Возвращение Прославленных (СИ) - Цы Си
Шрифт:
Интервал:
Закладка:
….От дома Петрюссонов визидары уходили с тяжёлым сердцем. Прошли всю деревню, так никого больше и не встретив. Только, когда вышли в поля, да под громкое пыхтение Стурлы молча протопали нескончаемый каменный забор, Марио вдруг забежал вперёд и в отчаянии обратился к остальным:
— Так что же делать нам, братцы?! Как же так?!
Все остановились. Постояли немного, потом Тафари подошёл к Марио, похлопал по руке и попытался успокоить:
— Не надо впадать в панику. Есть в Африке мудрость: «Не кричи что еда горькая, пока не попробовал».
— Потом, есть во всей этой истории что-то странное, — добавил Итиро. — В любом случае, этот Питер Петрюссон — явно тот, кто нам нужен. Нам надо хотя бы взглянуть на него. Пообщаться…
— Пообщаться?! — встрепенулся Марио, — я не ослышался, ты сказал — по-об-щать-ся?!!
— Да, — твёрдо ответил Леонар за Итиро. — Пообщаться.
— А потом меня всё время мучает одна мысль — а что, если Пит просто говорит на каком-то другом языке? — высказал идею Тафари.
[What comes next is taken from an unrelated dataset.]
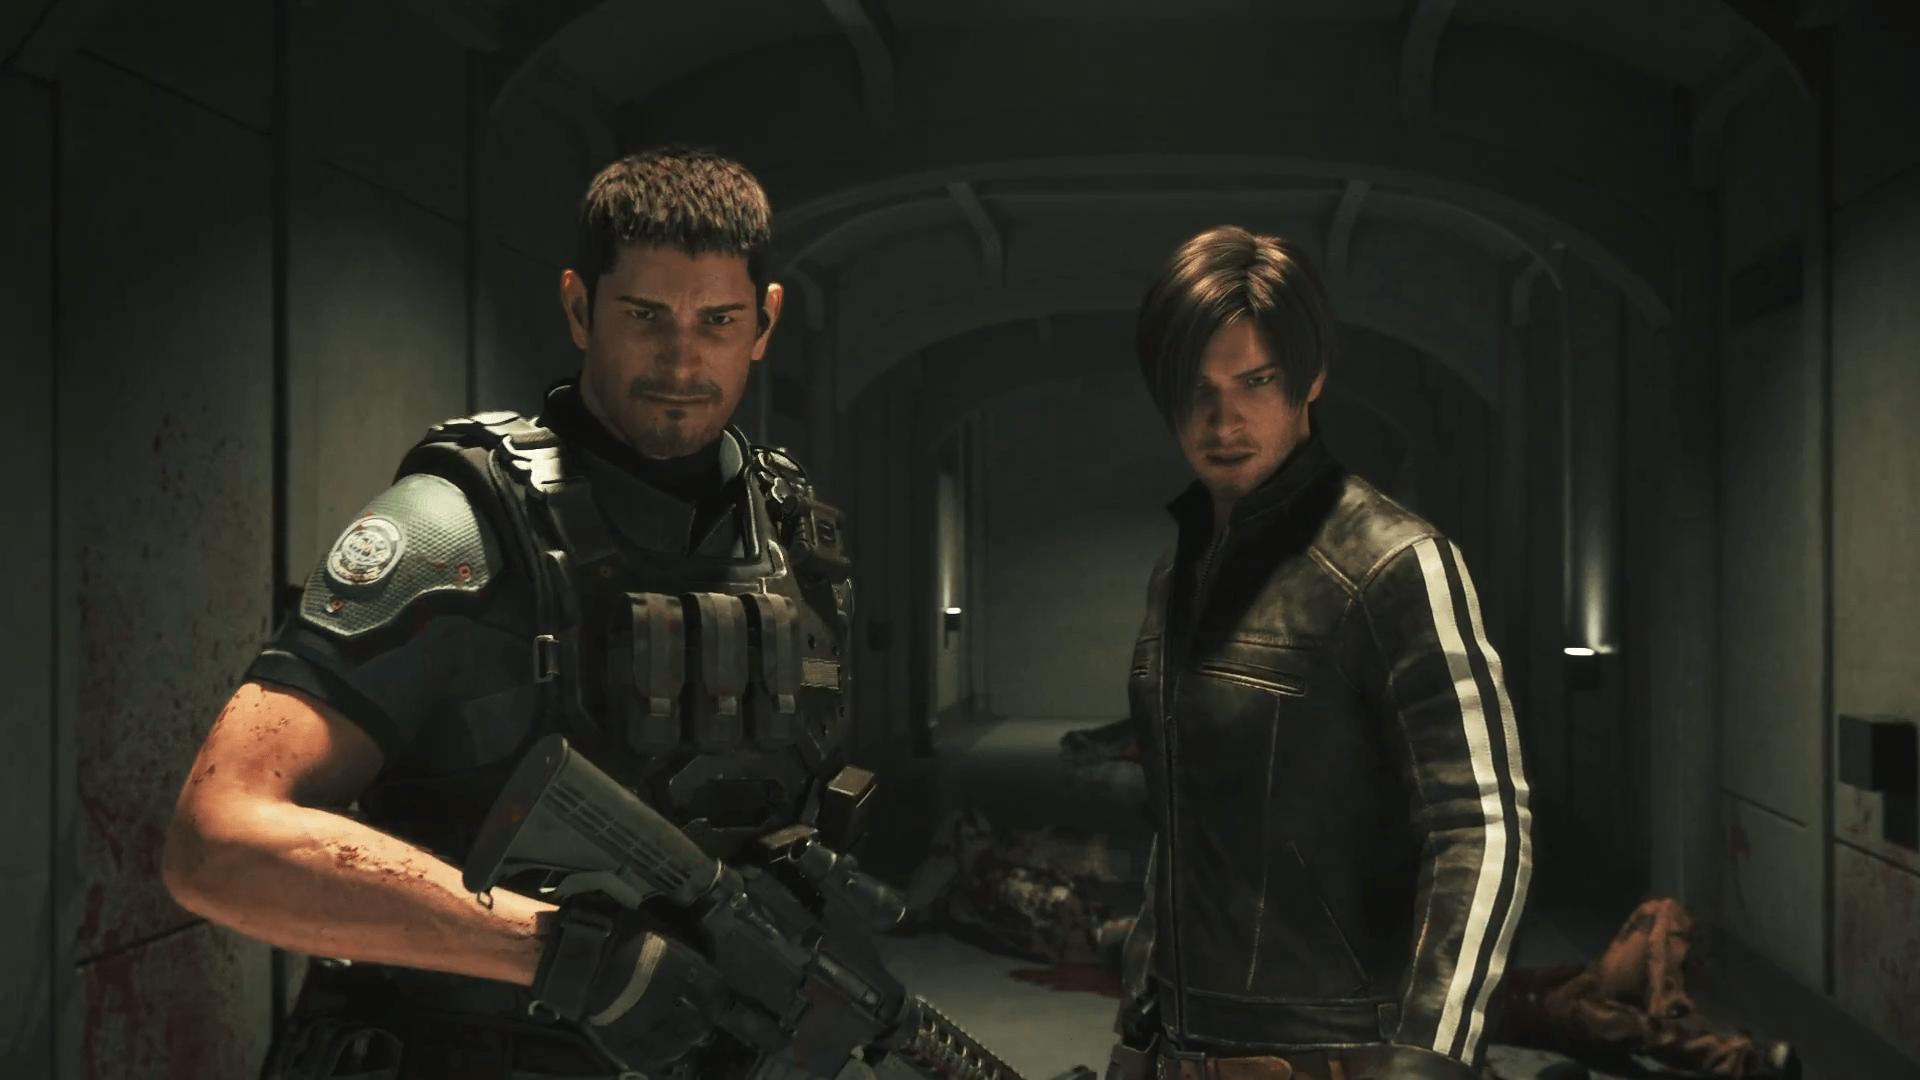 Leon Scott Kennedy Resident Evil Leon Resident Evil 5 Resident Evil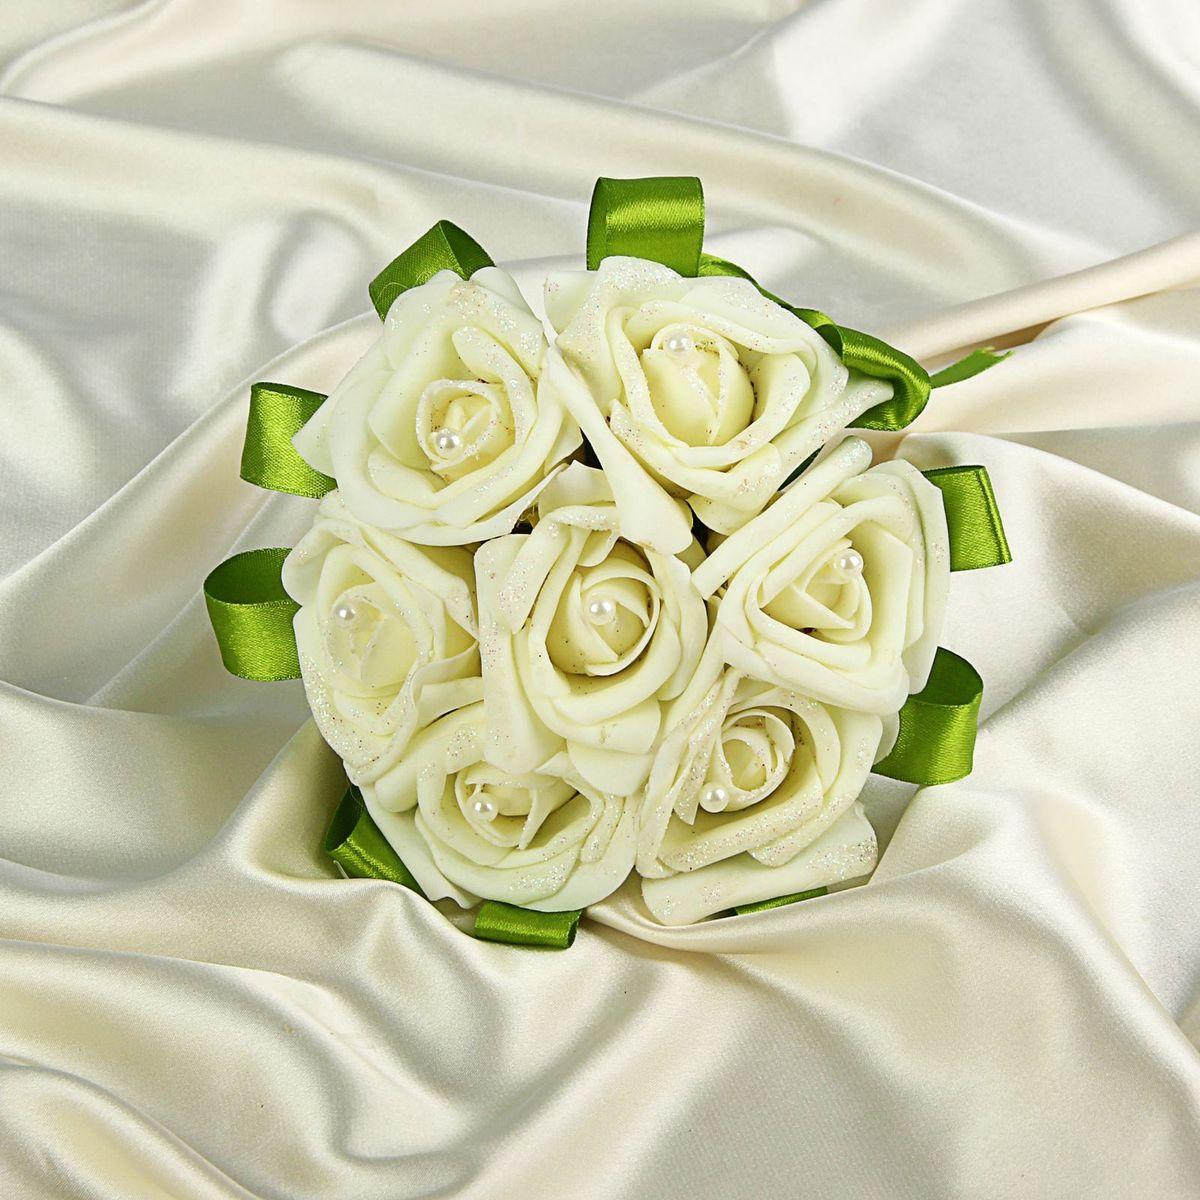 Букет-дублер Sima-land, цвет: белый. 12708211270821Добавьте в интерьер частичку весны! Дублер букета невесты 7 роз айвори будет радовать неувядающей красотой не один год. Просто поставьте его в вазу или создайте пышную композицию. Искусственные растения не требуют поливки, особого освещения и другого специального ухода. Они украсят любое помещение (например, ванную с повышенной влажностью или затемнённый коридор). Дом становится уютным благодаря мелочам. Преобразите интерьер, а вместе с ним улучшится и настроение!

— На каком? — поинтересовался у него Стурла.
— Ну, на особом. Визидарском. Может, он людям не слышим? — объяснил Тафари. — Может, для этого я и знаю все языки. И могу разговаривать с животными? Ты не думал об этом?
Стурла почесал макушку под шлемом.
— А что, вполне себе возможно! — сказал он, приободрившись, — теперь я даже хочу побыстрее его увидеть, этого Питера Петрюссона.
И бодро зашагал вперёд. Компания двинулась за ним. Все повеселели. Тафари и Итиро держали за руки Янмей. Иногда девочка подгибала ножки, и они раскачивали её в воздухе. От этого Янмей заливалась смехом, и на душе от её переливчатого хохота стало совсем светло.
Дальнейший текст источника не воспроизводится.